How to swap the values in a two column subset in R?
我在 R 中有一个数据框 df,其中包含性别列和年龄列。在数据清理过程中,我注意到一些值的年龄和性别被翻转了,所以数据看起来像这样:
SequenceNo Sex Age
1. sequence1 Male 65
2. sequence2 Female 45
3. sequence3 21 Male
4. sequence4 Female 12
我知道我可以逐行手动分配正确的值来修复数据,但是是否有一种简单、统一的解决方案可以只翻转数据不匹配的行?
我们可以创建一个逻辑索引(使用 grepl
只检查数字(\d+
- 对于数字浮点数,使用 [0-9.]+
并假设有负值 -?
) 从字符串的开始 (^
) 到结束 ($
) 或反转 \D
任何非数字或可以使用 as.numeric/as.integer
并检查 NA
元素使用 is.na
) 并通过交换列名来交换它,然后使用 type.convert
更改列的类型
i1 <- grepl("^-?[0-9.]+$", df$Sex)
df[i1, c("Sex", "Age")] <- df[i1, c("Age", "Sex")]
df <- type.convert(df, as.is = TRUE)
-输出
> df
SequenceNo Sex Age
1. sequence1 Male 65
2. sequence2 Female 45
3. sequence3 Male 21
4. sequence4 Female 12
> str(df)
'data.frame': 4 obs. of 3 variables:
$ SequenceNo: chr "sequence1" "sequence2" "sequence3" "sequence4"

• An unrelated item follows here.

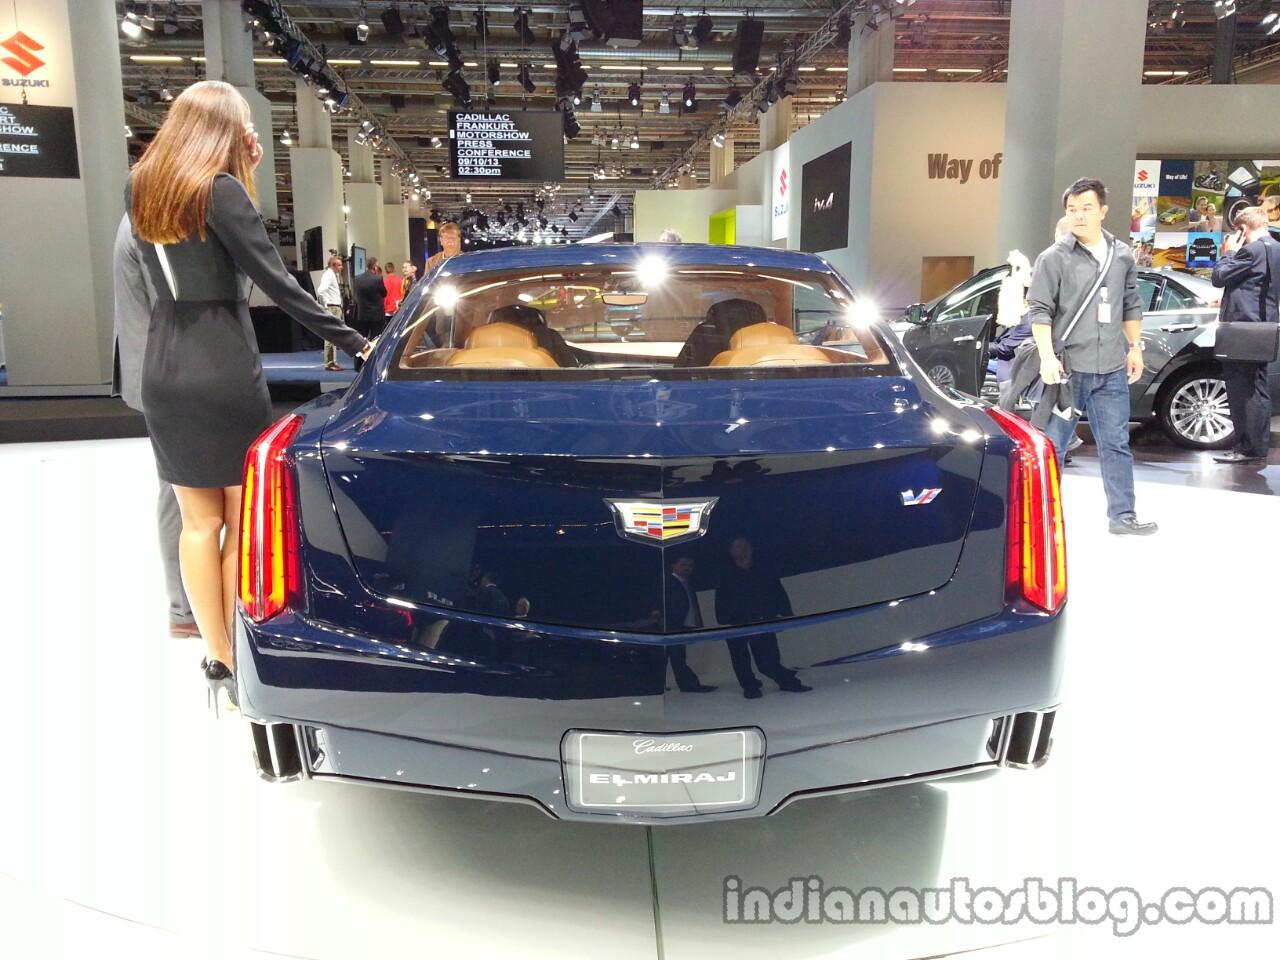 Rear of the Cadillac Elmiraj Concept

$ Sex : chr "Male" "Female" "Male" "Female"
$ Age : int 65 45 21 12
数据
df <- structure(list(SequenceNo = c("sequence1", "sequence2", "sequence3",
"sequence4"), Sex = c("Male", "Female", "21", "Female"), Age = c("65",
"45", "Male", "12")), class = "data.frame", row.names = c("1.",
"2.", "3.", "4."))
更新: 以避免 NA
(感谢 rjen):
我们创建一个 helper
列,而不是像答案 1 中那样做:
library(tidyverse)
df %>%
mutate(helper = paste0(Sex, Age),
Age = parse_number(helper),
Sex = str_replace_all(helper, "[:digit:]", "")) %>%
select(-helper)
SequenceNo Sex Age
1. sequence1 Male 65
2. sequence2 Female 45
3. sequence3 Male 21
4. sequence4 Female 12
第一个回答:
使用 paste0(Sex, Age)
我们合并两列:
- 我们将所有数字替换为空,即删除所有数字
- 我们只提取数字
library(tidyverse)
df %>%
mutate(Sex = str_replace_all(paste0(Sex, Age), "[:digit:]", "")) %>%
mutate(Age = parse_number(paste0(Sex, Age)))
SequenceNo Sex Age
1 sequence1 Male 65
2 sequence2 Female 45
3 sequence3 Male NA
4 sequence4 Female 12
使用 if_else()
的方法。
library(dplyr)
df %>%
mutate(SexNew = if_else(Sex %in% c('Male', 'Female'), Sex, Age),
Age = if_else(Age %in% 1:120, Age, Sex)) %>%
select(-Sex, Sex = SexNew)
# SequenceNo Age Sex
# 1 sequence1 65 Male
# 2 sequence2 45 Female
# 3 sequence3 21 Male
# 4 sequence4 12 Female
我在 R 中有一个数据框 df,其中包含性别列和年龄列。在数据清理过程中,我注意到一些值的年龄和性别被翻转了,所以数据看起来像这样:
SequenceNo Sex Age
1. sequence1 Male 65
2. sequence2 Female 45
3. sequence3 21 Male
4. sequence4 Female 12
我知道我可以逐行手动分配正确的值来修复数据,但是是否有一种简单、统一的解决方案可以只翻转数据不匹配的行?
我们可以创建一个逻辑索引(使用 grepl
只检查数字(\d+
- 对于数字浮点数,使用 [0-9.]+
并假设有负值 -?
) 从字符串的开始 (^
) 到结束 ($
) 或反转 \D
任何非数字或可以使用 as.numeric/as.integer
并检查 NA
元素使用 is.na
) 并通过交换列名来交换它,然后使用 type.convert
i1 <- grepl("^-?[0-9.]+$", df$Sex)
df[i1, c("Sex", "Age")] <- df[i1, c("Age", "Sex")]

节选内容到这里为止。